• Work order
For the data below, transcribe the part that opens with the line containing "best events ideas" and closes with the line containing "2019 Winter New", exactly and with no pictures.

• Listed records
******************************

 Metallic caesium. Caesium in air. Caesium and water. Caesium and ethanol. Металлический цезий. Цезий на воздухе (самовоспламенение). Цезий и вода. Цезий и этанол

******************************

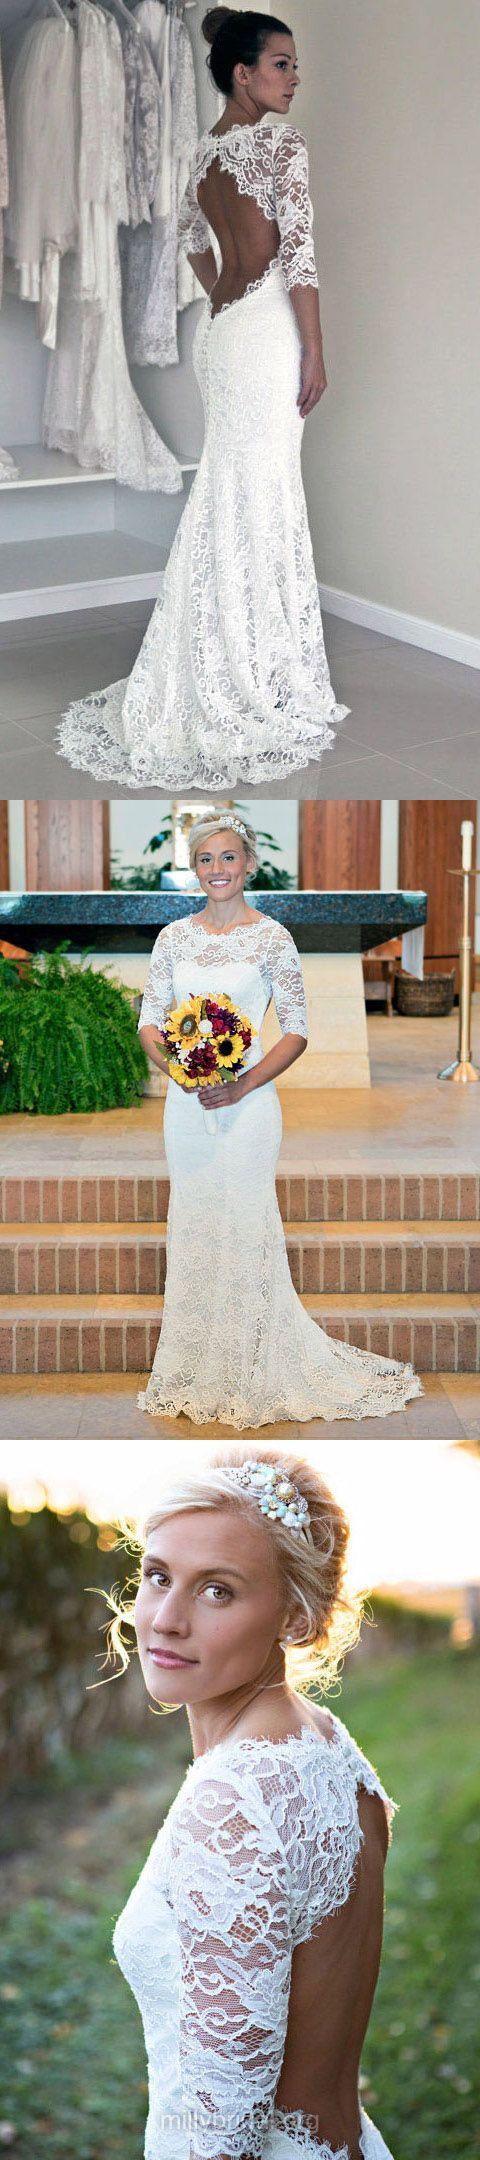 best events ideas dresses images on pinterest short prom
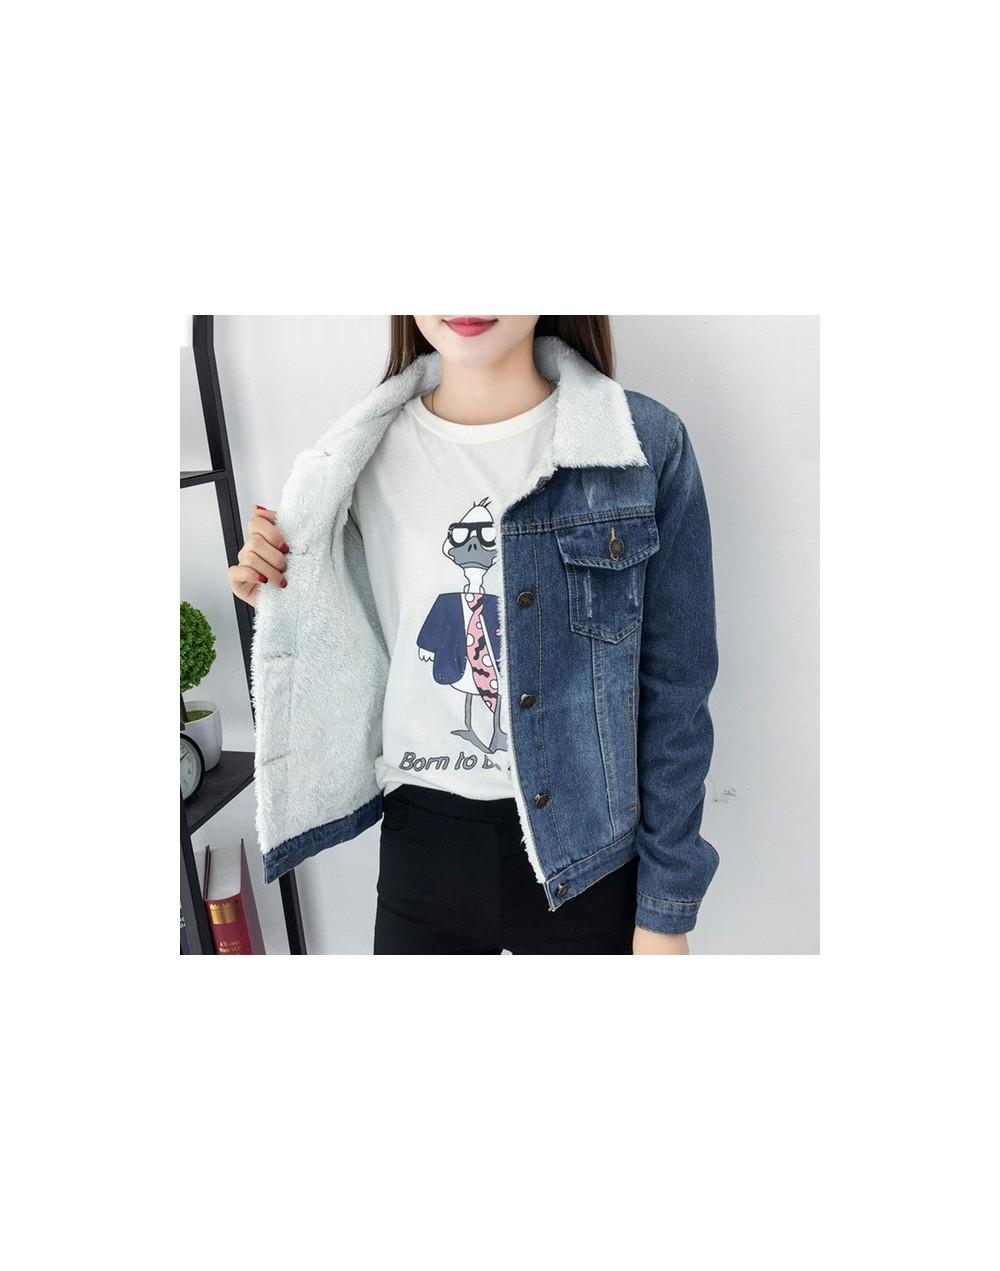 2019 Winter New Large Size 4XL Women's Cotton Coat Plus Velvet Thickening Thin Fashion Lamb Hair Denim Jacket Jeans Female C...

******************************

• Solution for this problem
 best events ideas dresses images on pinterest short prom
 2019 Winter New Large Size 4XL Women's Cotton Coat Plus Velvet Thickening Thin Fashion Lamb Hair Denim Jacket Jeans Female C...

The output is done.